++++ Dataset extract ++++

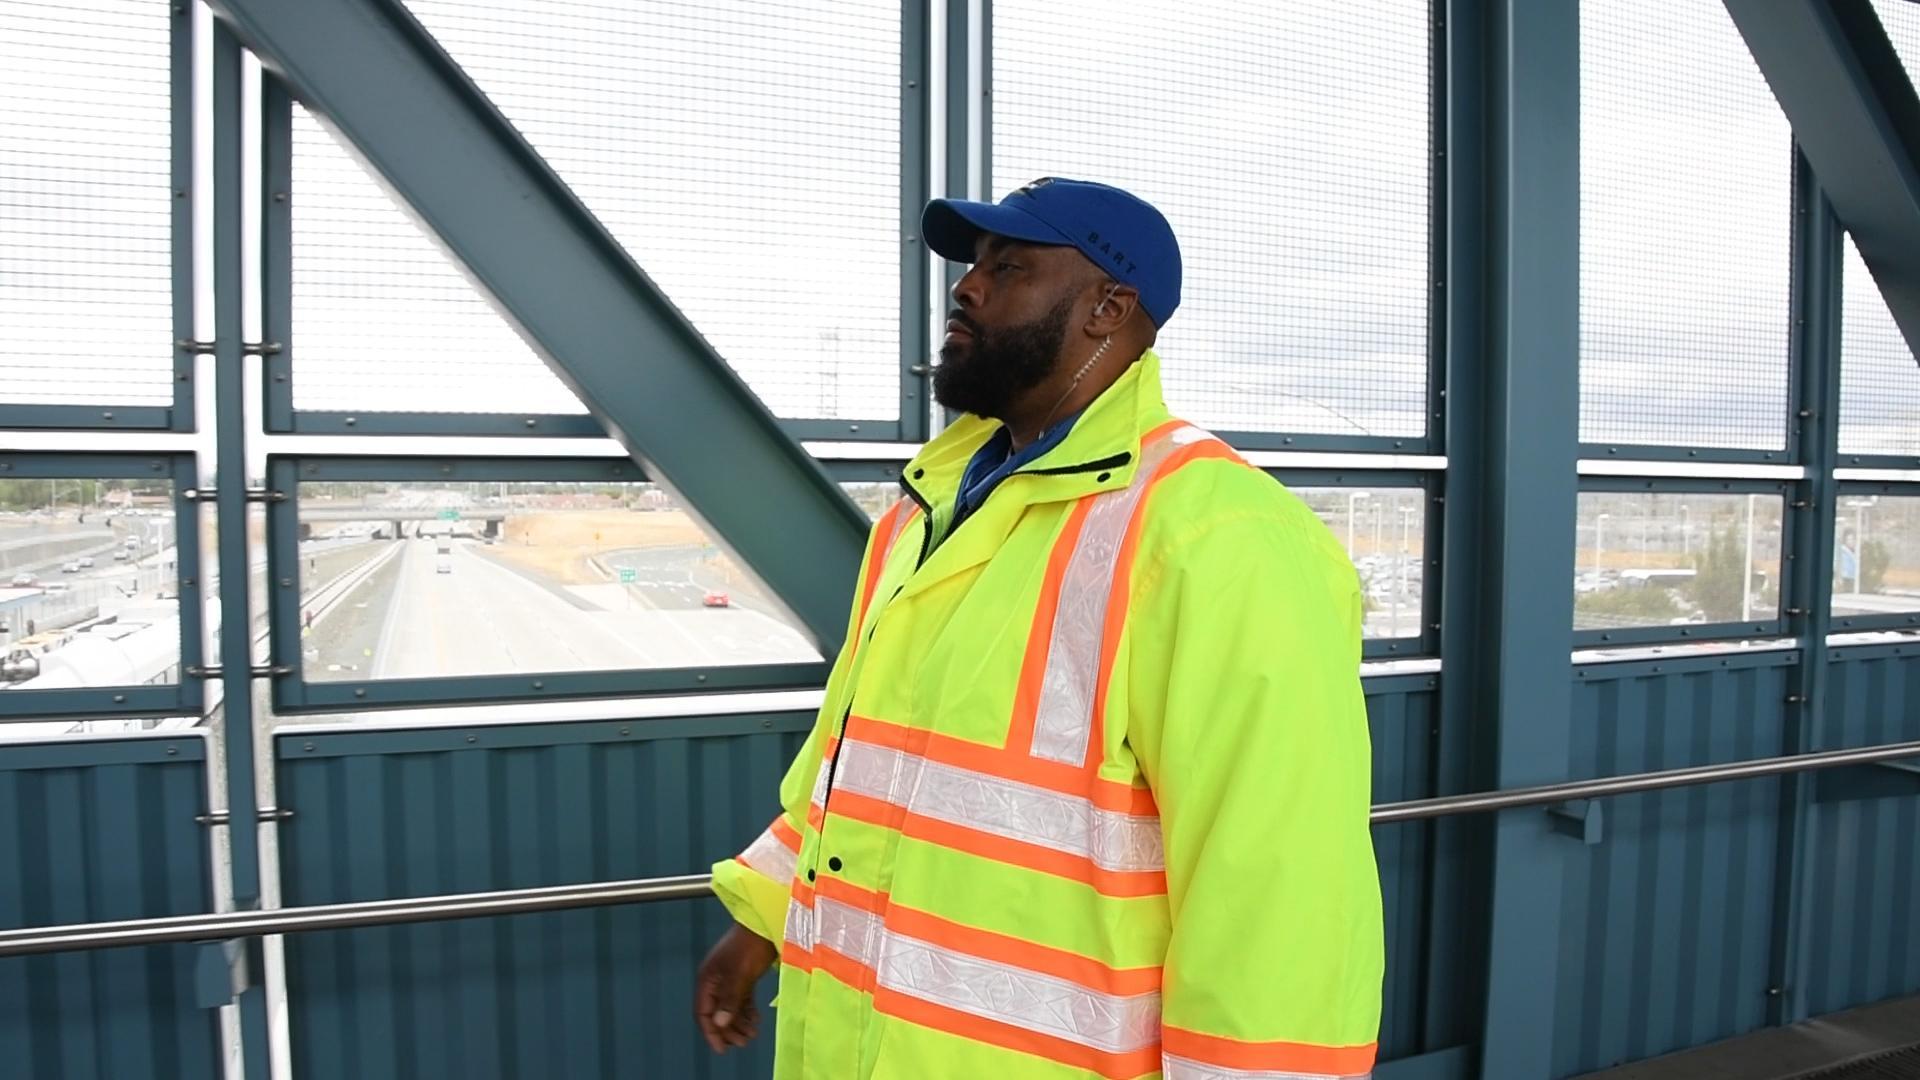 Donald Cornelius, a member of AFSCME Local 3993, walks through the new BART station in Antioch
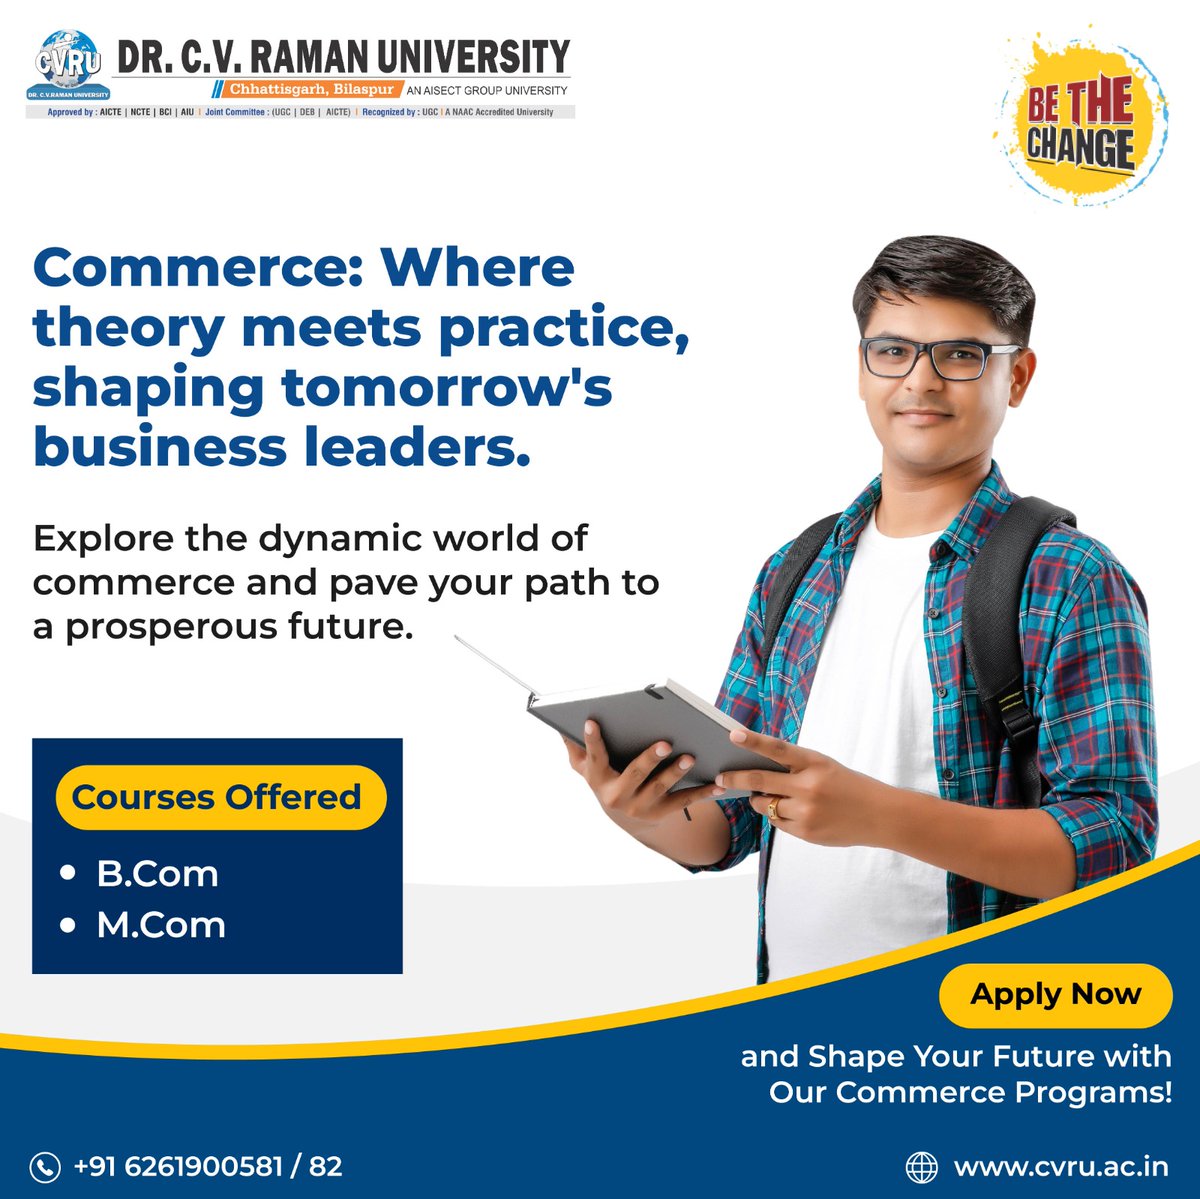 Shape your future in commerce with our B.Com and M.Com programs. Apply now!

#CommerceEducation #BCom #MCom #ApplyNow #ShapeYourFuture #CVRUCG

++++

*Your assignment:* Write the data above out exactly. Leave out any pictures.

*Exercise solution:*
 Donald Cornelius, a member of AFSCME Local 3993, walks through the new BART station in Antioch
 Shape your future in commerce with our B.Com and M.Com programs. Apply now!

#CommerceEducation #BCom #MCom #ApplyNow #ShapeYourFuture #CVRUCG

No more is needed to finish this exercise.